**WHAT NEEDS TO BE DONE:**
Leave out the pictures, and retype the remaining data exactly.

┌─ SOURCE DATA

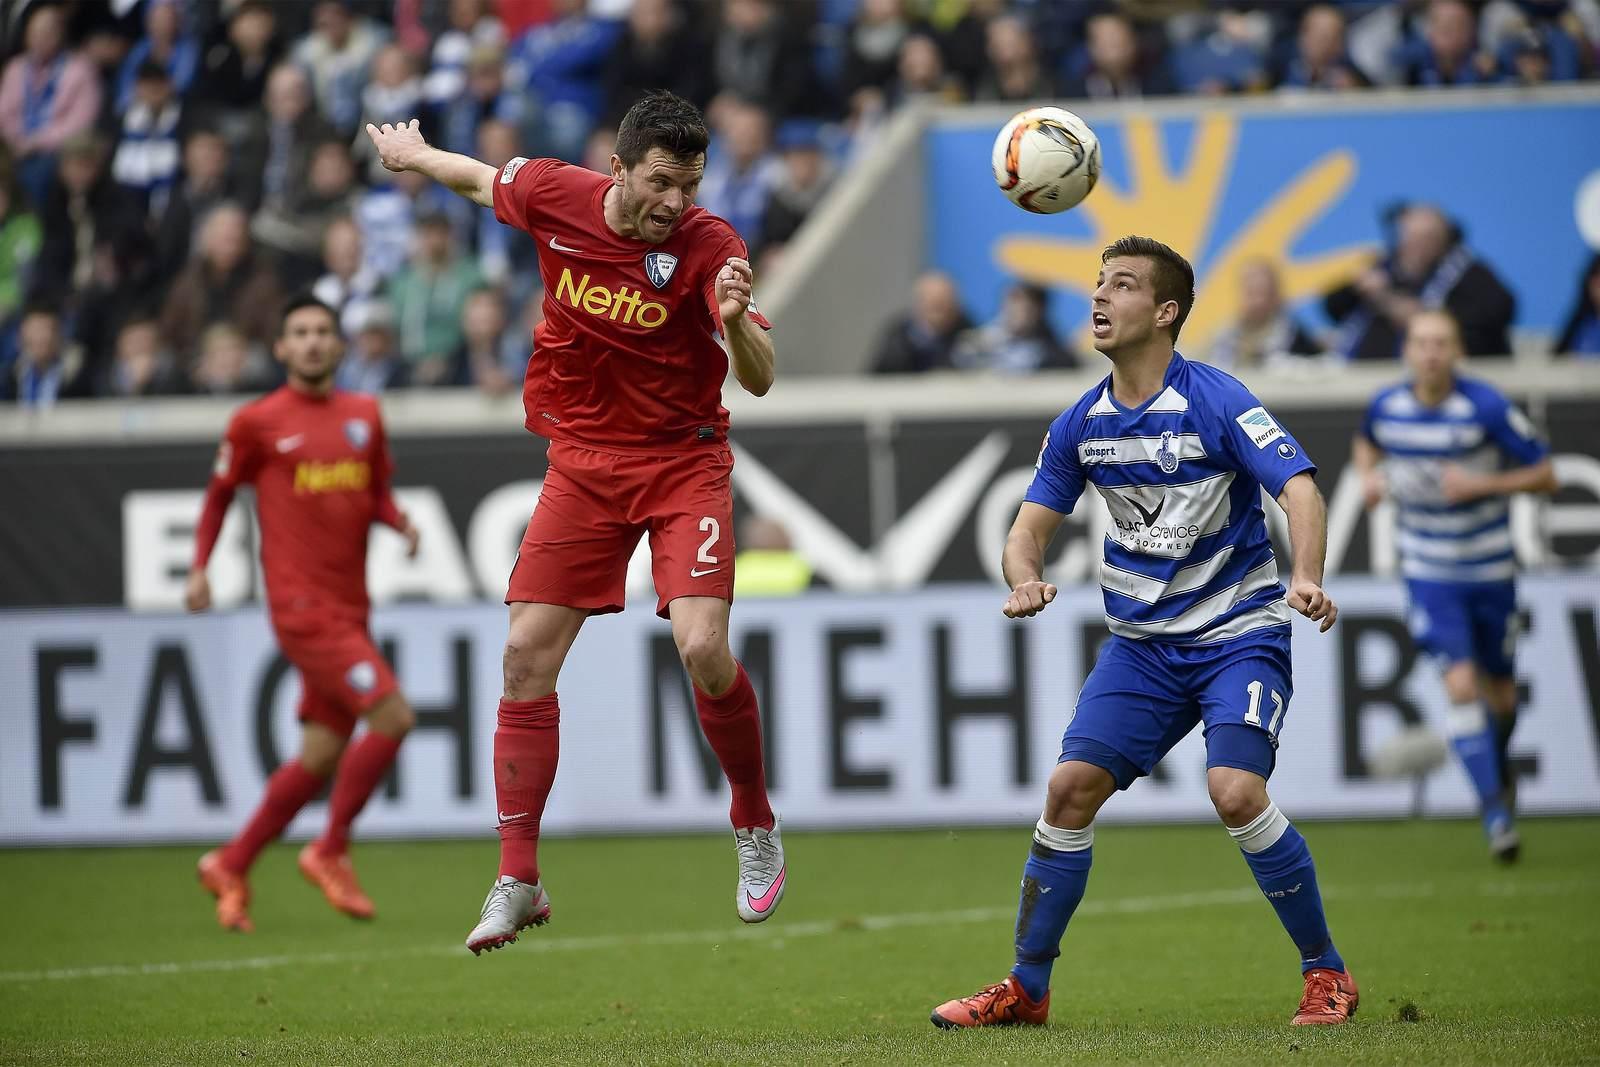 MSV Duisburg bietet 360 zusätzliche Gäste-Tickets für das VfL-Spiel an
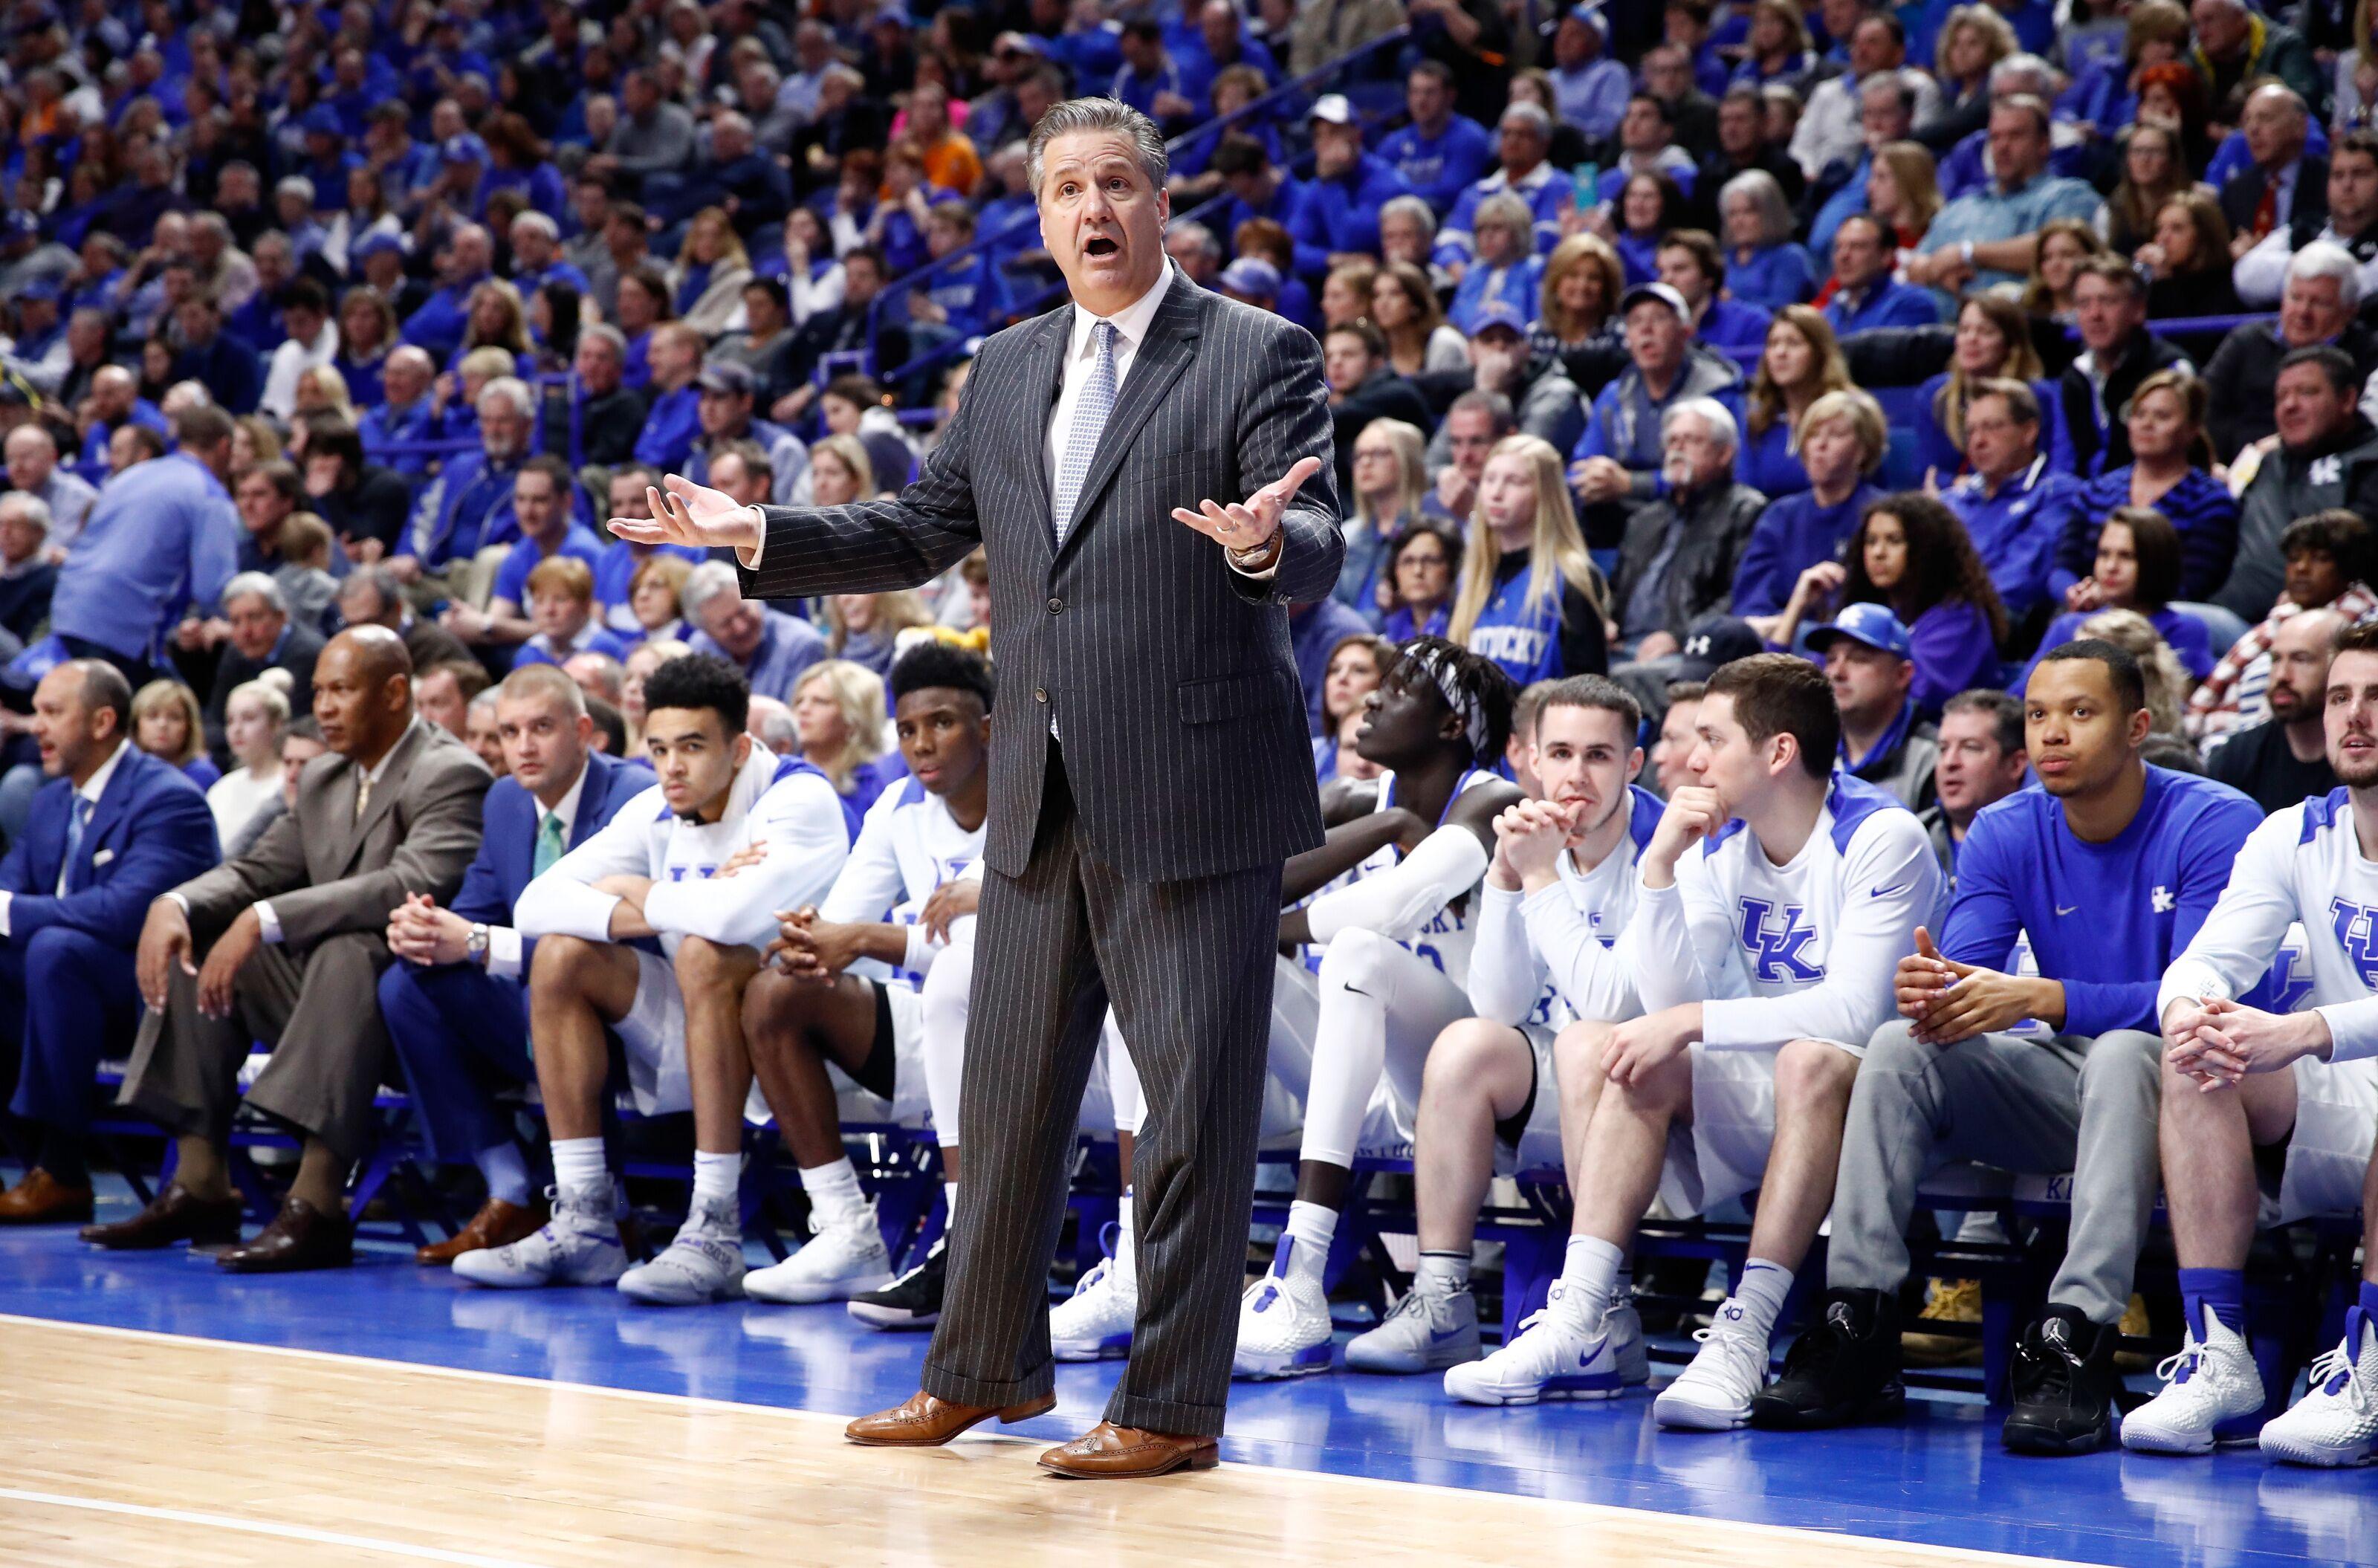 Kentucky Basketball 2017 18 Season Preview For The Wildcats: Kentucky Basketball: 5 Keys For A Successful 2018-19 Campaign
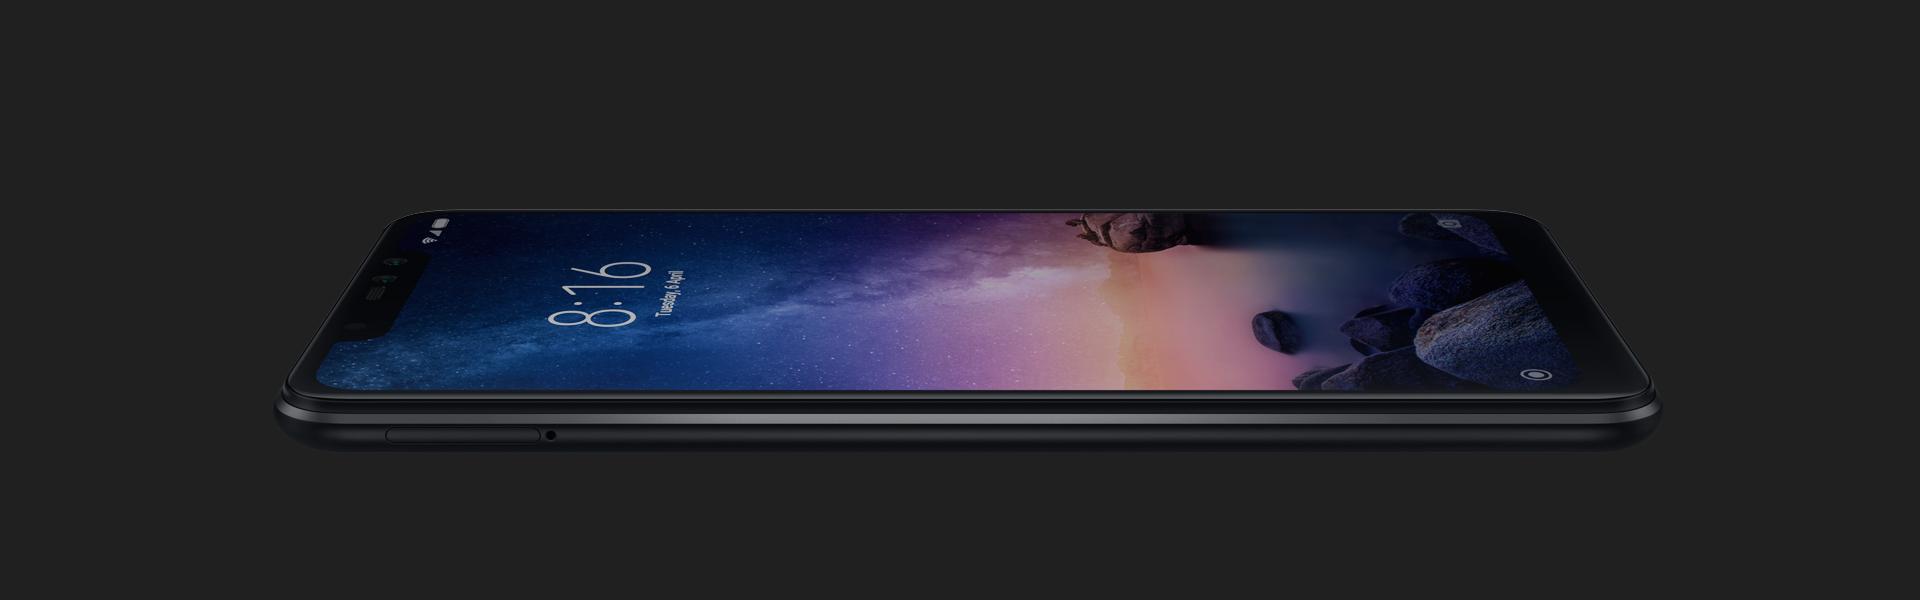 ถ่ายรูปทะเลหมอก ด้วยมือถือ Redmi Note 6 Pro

└─

**OUTPUT OF THE EXERCISE:**
 MSV Duisburg bietet 360 zusätzliche Gäste-Tickets für das VfL-Spiel an
 Kentucky Basketball 2017 18 Season Preview For The Wildcats: Kentucky Basketball: 5 Keys For A Successful 2018-19 Campaign
 ถ่ายรูปทะเลหมอก ด้วยมือถือ Redmi Note 6 Pro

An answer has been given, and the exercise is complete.